Media & Entertainment

Big data and its developer fallout

Comment

Image Credits: Arthimedes (opens in a new window) / Shutterstock (opens in a new window)

Ben Schippers

Contributor

Ben Schippers is the co-founder and co-CEO of HappyFunCorp, a product engineering firm that helps businesses reach the cutting edge of creative software tech and create apps that don’t suck.

More posts from Ben Schippers

As the internet social turf wars continue to mature, the land grab is becoming much better understood. With a few companies controlling 95 percent of the social data, the internet is more closed and much more controlled than ever before.

The term (and concept behind) big data has been thrown around a lot over the past 15 months. What I’m referring to here is user data, primarily from social businesses that can be leveraged to build other apps and businesses if done within the confines of a company API.

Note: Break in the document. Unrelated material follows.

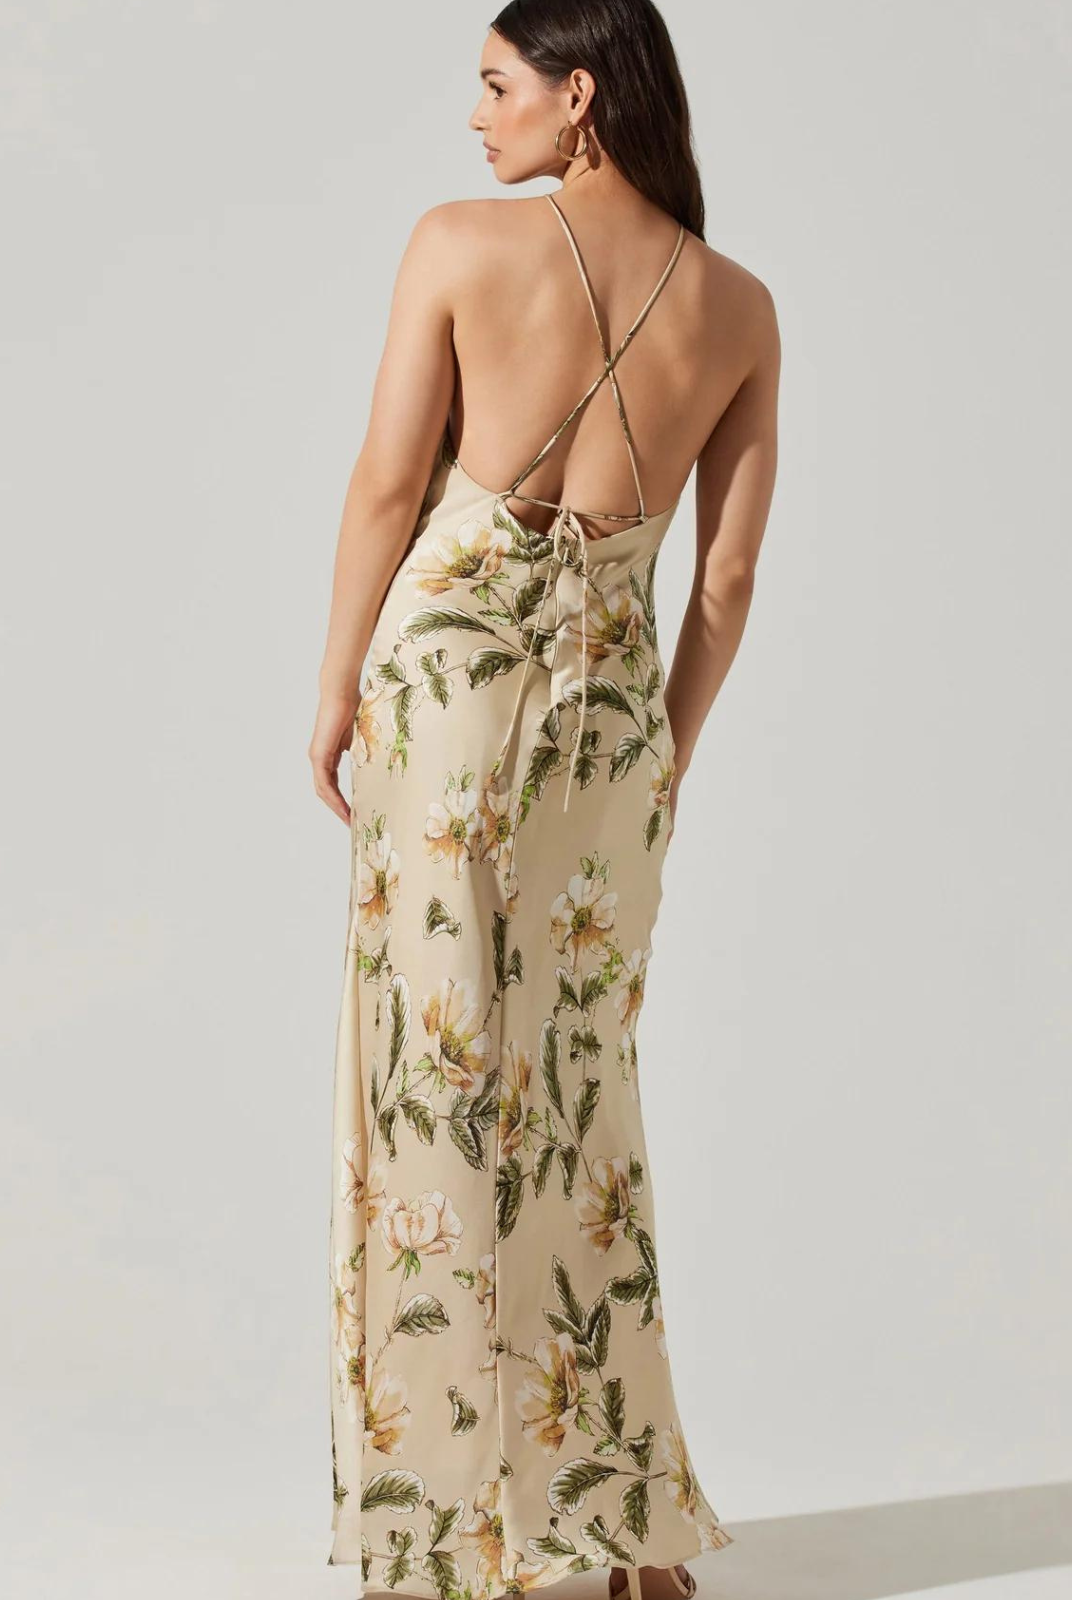 ASTR The Label Elynor Dress. Satin finish, floral print, exaggerated side slit Halter neck, strappy back, concealed back zipper

A few basic examples. Let’s take Facebook: A developer, product architect, entrepreneur, etc. may want to analyze names, pictures or shares. How about Snapchat: shares or number of sent items.  Instagram: users, hearts or comments. Tesla: car location, energy consumption, last charge. The list goes on and on. The modern web has been built on an open data exchange.

I regularly get asked what I think makes a good app. The answer is simple: data. More specifically: users and their respective meta-data. Users are data. Without them, no matter how flashy your app is, it won’t work. Period.

The follow up question is always, “OK, how do I get users?”

That’s the billion-dollar question. The existing social sites want you to believe that by connecting to them and through them that users will come. If only that were true.  Just to set the record straight, you can’t buy users. And you can’t connect to existing sites to leverage users or anything in between. Users are tired of new, yet more of the same, software. Distribution (i.e. finding and retaining users) is the hardest part of creating a successful app.

As developers, we used to be able to go deep into the social graph on Facebook. Developers used to be able to inject meaningful data in a sophisticated way to all sorts of web and app products and, most importantly, we used to be able to request big datasets without getting throttled by bandwidth limitations. Just because a few big companies say you can use their data doesn’t mean it’s accurate.

Over the past few years there’s been a massive shift. Sadly, the best way to illustrate such change is to look at the the rise and fall of Zynga. As Facebook opened their API and enabled users to do deep penetration into the Facebook Graph, Zynga, more than any other company, took advantage and built an incredible gaming business directly through the Facebook Graph API. Over time, Facebook began making changes to how developers could interact with specific data and just as quickly as Zynga grew, they fell — and fell far. There are many companies, big and small, that have suffered a similar demise.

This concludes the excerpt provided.